I will not stand by and allow legislators to talk about 'family values' when they have affairs, and I know of many who are and have. I will call our elected officials who want to hide in the closet out.

However, now, Todd has apparently backed off her threats because she says, after consultation with her lawyer, she doesn't have the proof that is required to avoid charge of slander if she's wrong. However, she also told the Huffington Post that she has serious concerns about her safety because of the death threats, which may well have contributed to her decision.

My life's been threatened in the past couple of days...A lot of my friends are worried about my safety. The police are patrolling by my house more often. I've got an alarm system. I am being careful. But they're not going to scare me back into my house. I'm not going to let them do that.
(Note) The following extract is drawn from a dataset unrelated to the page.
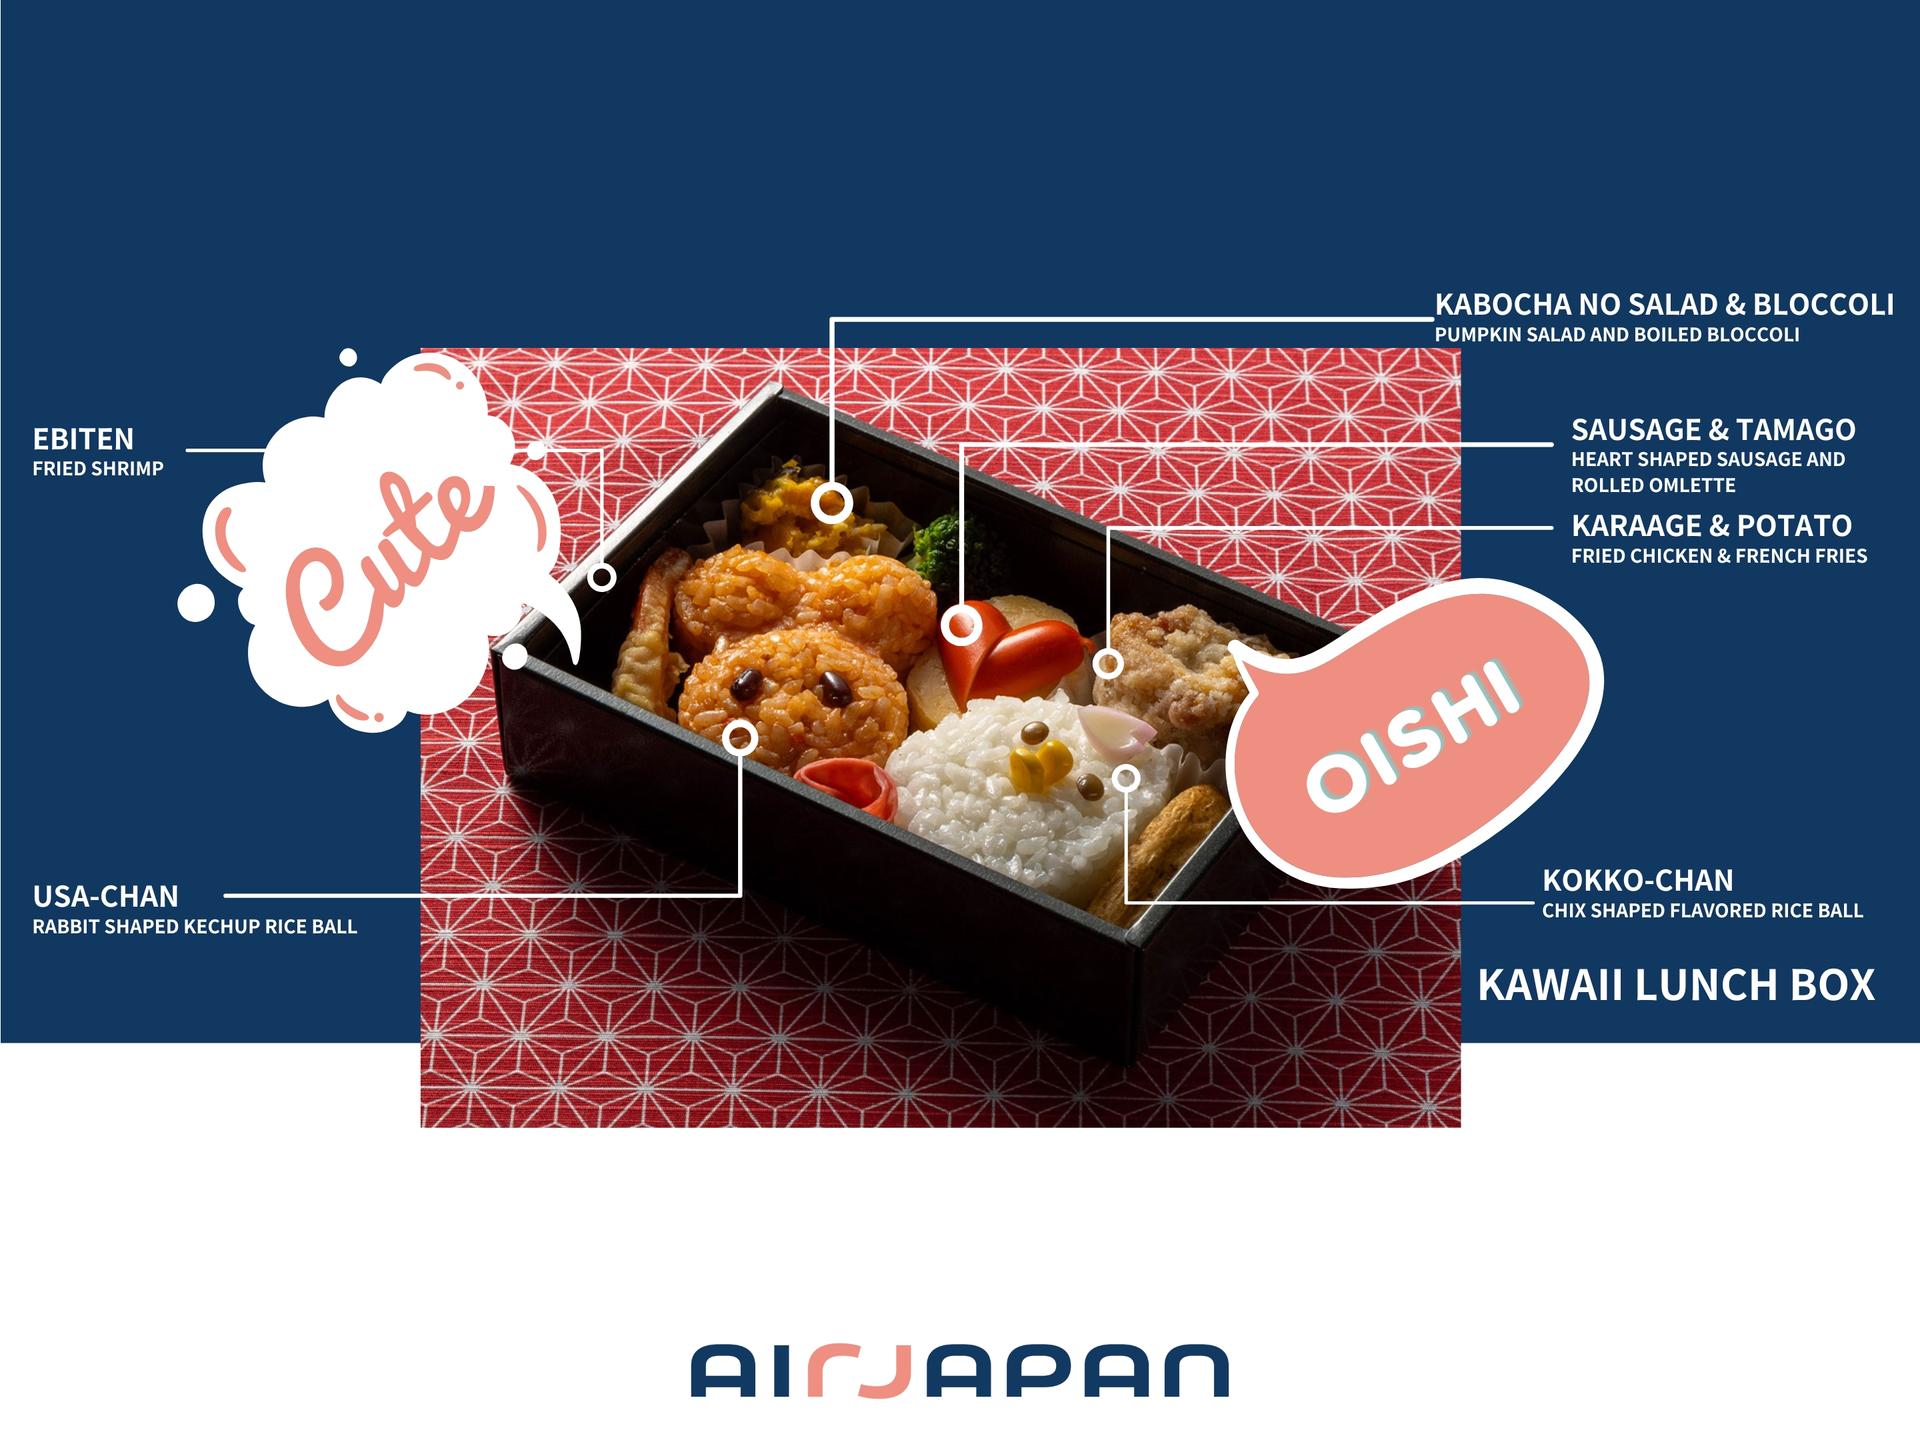 "Kawaii Lunch Box" from pre-purchase menu is now on sale!

Admitting she could have "handled it better," meaning it seems, her natural outrage at hypocrisy, goes to show just how dangerous it can be for an activist to become a politician, yet try to keep an activist mentality. While politicians can have significant amounts of power to direct a narrative, there are also rules. Todd also said that while there have been few overt reactions from her "family values" opponents since her threat, she has also received zero support from her Democratic colleagues. Unsurprising if she transgressed in a way which was unacceptable to politicians of both parties.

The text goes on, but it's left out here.